There are in total 324'242'532 headers (and sequences) in the three files. However, only 324'259'856 of these sequence names are unique, which means that 17324 name collisions occurs when the three sequence files are combined. This is probably the reason why CLC mapper crashes.

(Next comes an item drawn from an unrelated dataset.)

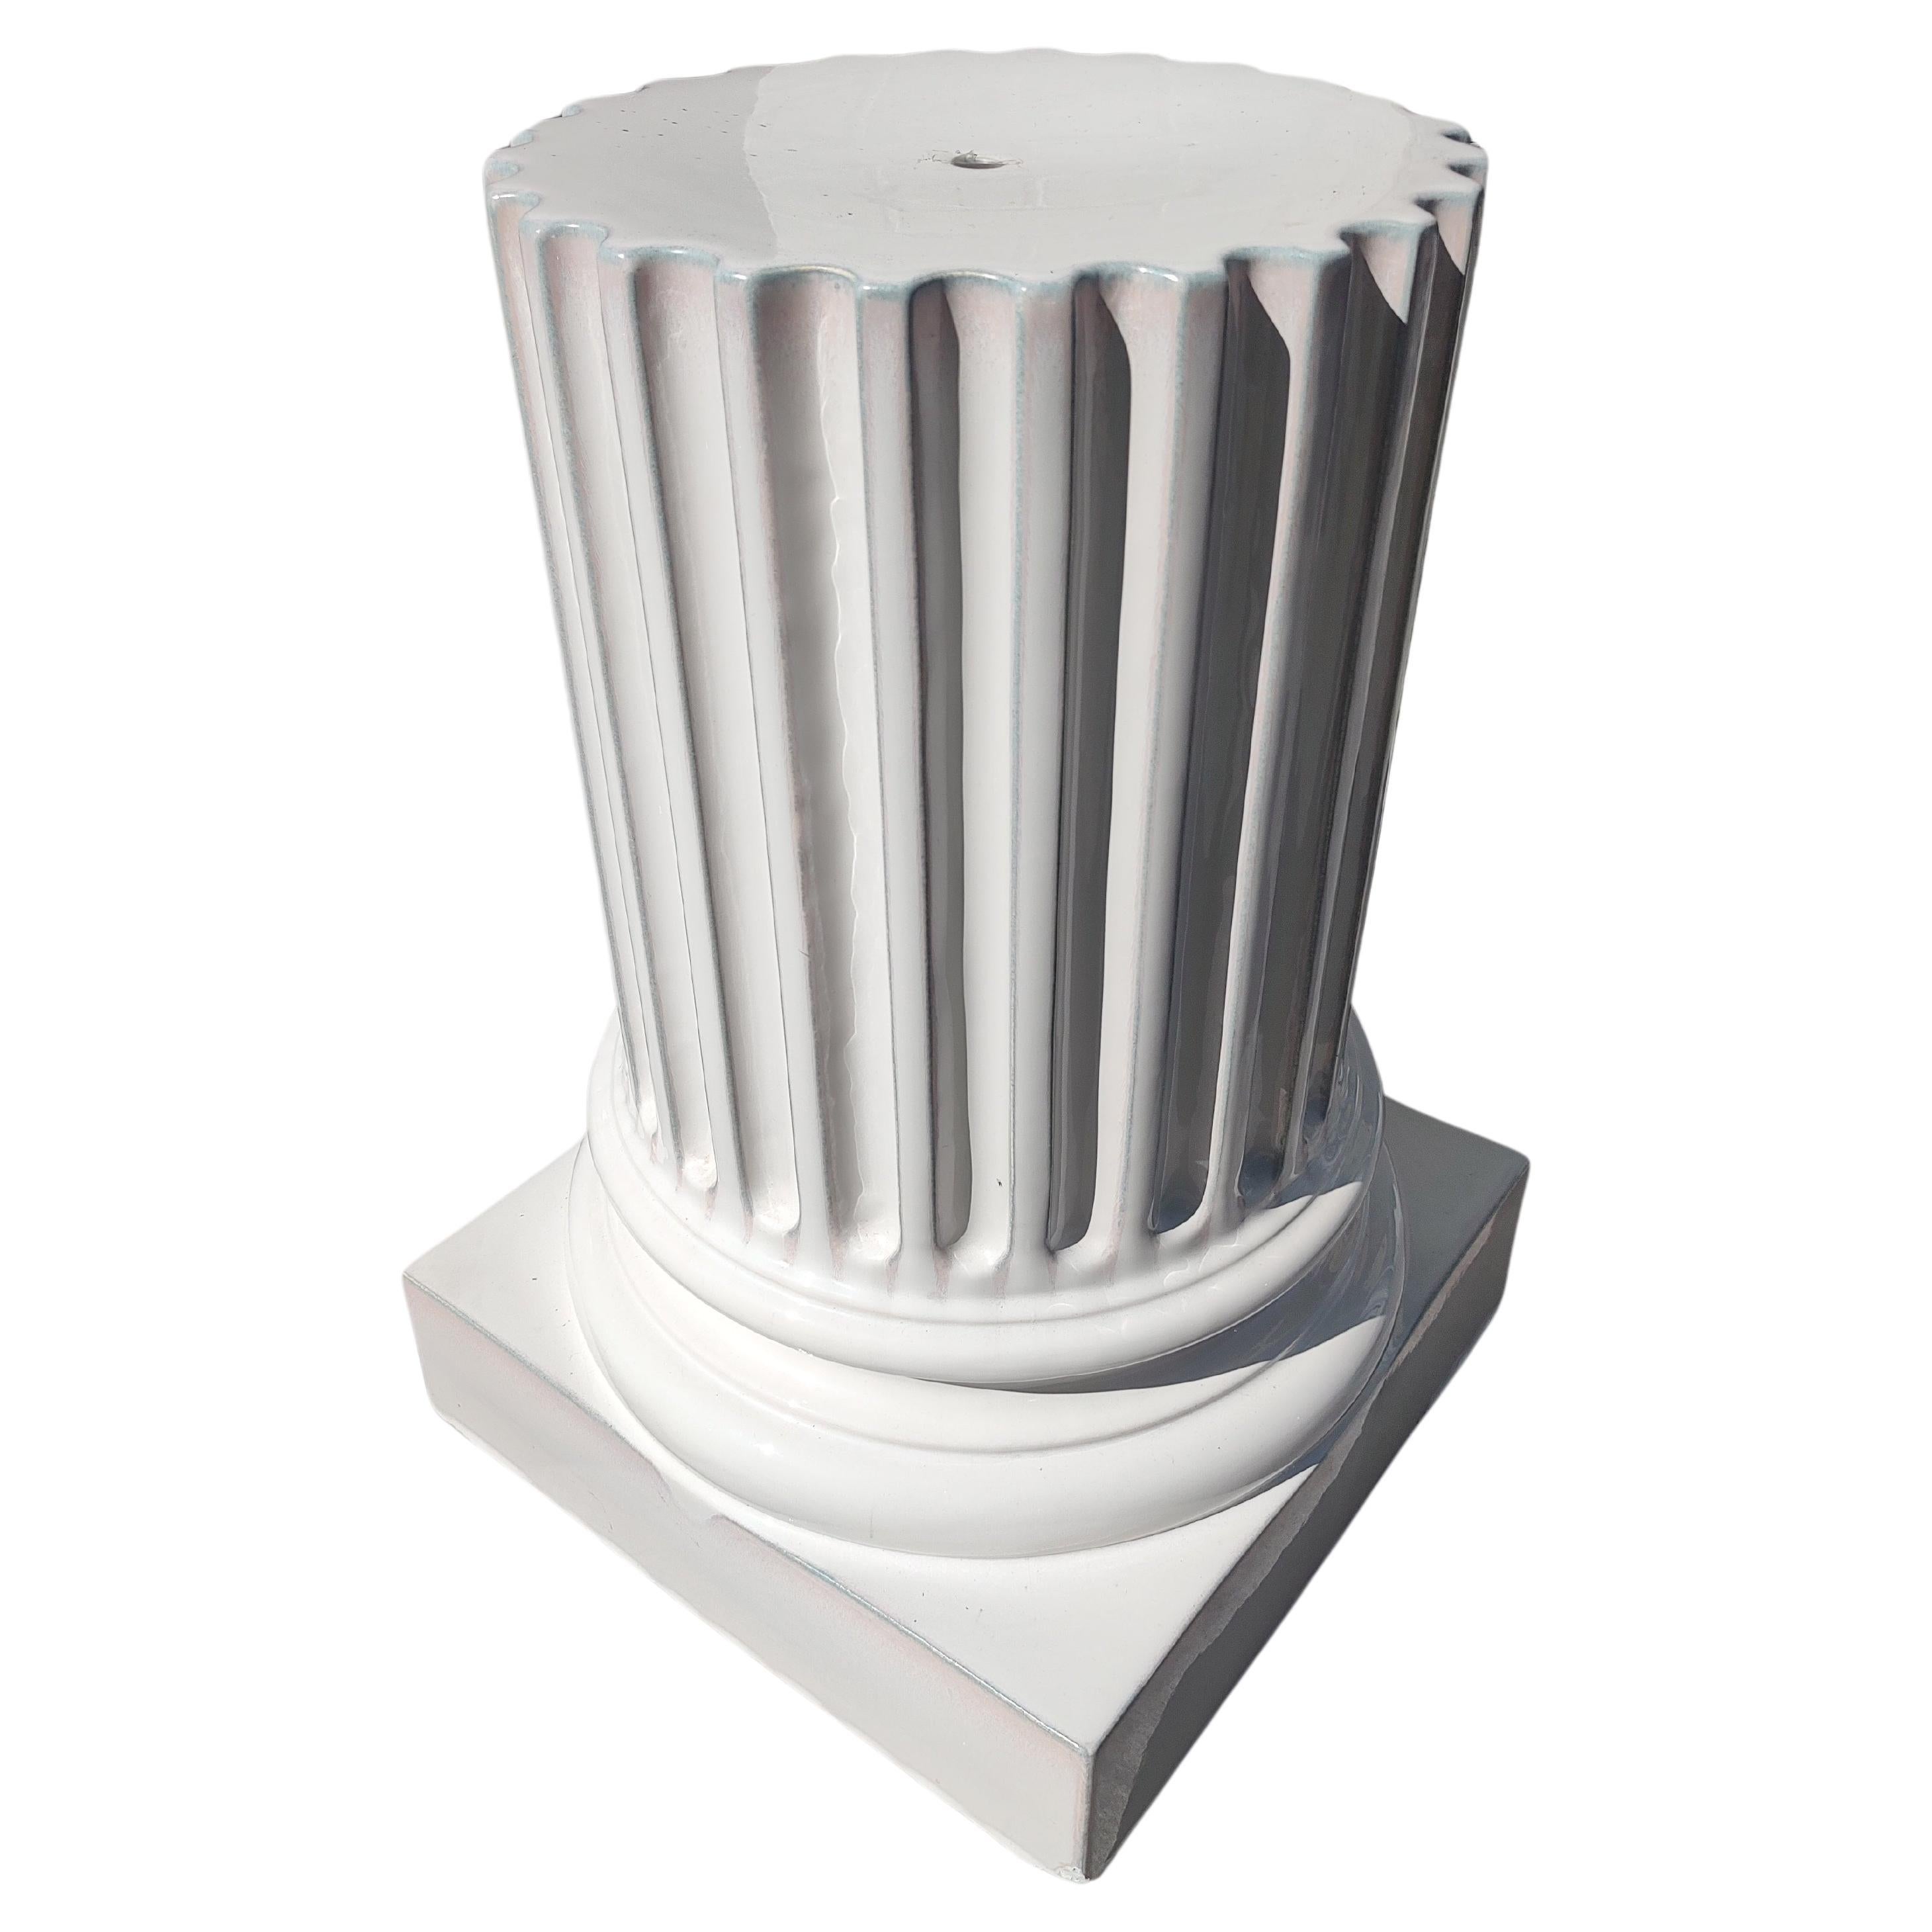 Fabulous and impressive 2 piece planter with pedestal made from clay and hand glazed. A rich striking white with fluted columns. Sitting on a thick heavy plinth base. This will make a wonderful addition to your atrium or outdoor area. In excellent

[2013-04-01] The problem has been solved (see Surirella brebissonii assembly 20130218). I have started a new assembly of the filtered file using the "clc_assembler" flags "-i" for each pair and "-e" to estimate fragment size.


20130404

Filtering the new 150 bp data.

Data:

  • /data2/littorina/littorina_150/6_130308_AD1TAPACXX_P386_101_dual9_1.fastq (Data_1)
  • /data2/littorina/littorina_150/6_130308_AD1TAPACXX_P386_101_dual9_2.fastq (Data_2)

Settings:

[fastx_trimmer]
f: 6
[cutadapt]
q: 15
o: 10
e: 0.1
n: 1
m: 50
[fastq_quality_filter]
p: 95
k: 20

[rawfiles]
# Names of fastq format input files, followed by quality score format [Q33, q33, Q64 or q64],
# and delimiting character between unique (pair)sequence and forward-reverse indicator.
# The latter can be excluded if it is a space or be indicated with ' ' or " ".
# Example:
# 1: 100000_1.fastq Q33 ' '
1: Data_120125-1.fastq Q64 /
2: Data_120125-2.fastq Q64 /
3: Data_120313-1.fastq Q64 /
4: Data_120313-2.fastq Q64 /
5: Data_120404-1.fastq Q64 /
6: Data_120404-2.fastq Q64 /
7: Data_120426-1.fastq Q64 /
8: Data_120426-2.fastq Q64 /
9: Data_120426-3.fastq Q64 /
10: Data_120426-4.fastq Q64 /
11: Data_130308-1.fastq Q33 " "
12: Data_130308-2.fastq q33 ' '

[2013-04-12] Sending *Pair* files to Albiorix. Compressing *Singles* files on SPARC1. Files have to be renamed before the assembly.

[2013-04-13] Renamed files like "Data_1.FXT.CA.FQF.Pair.fastq" -> "Data_130308-1.FXT.CA.FQF.Pair.fastq" etc., and started a new assembly Including all six datasets.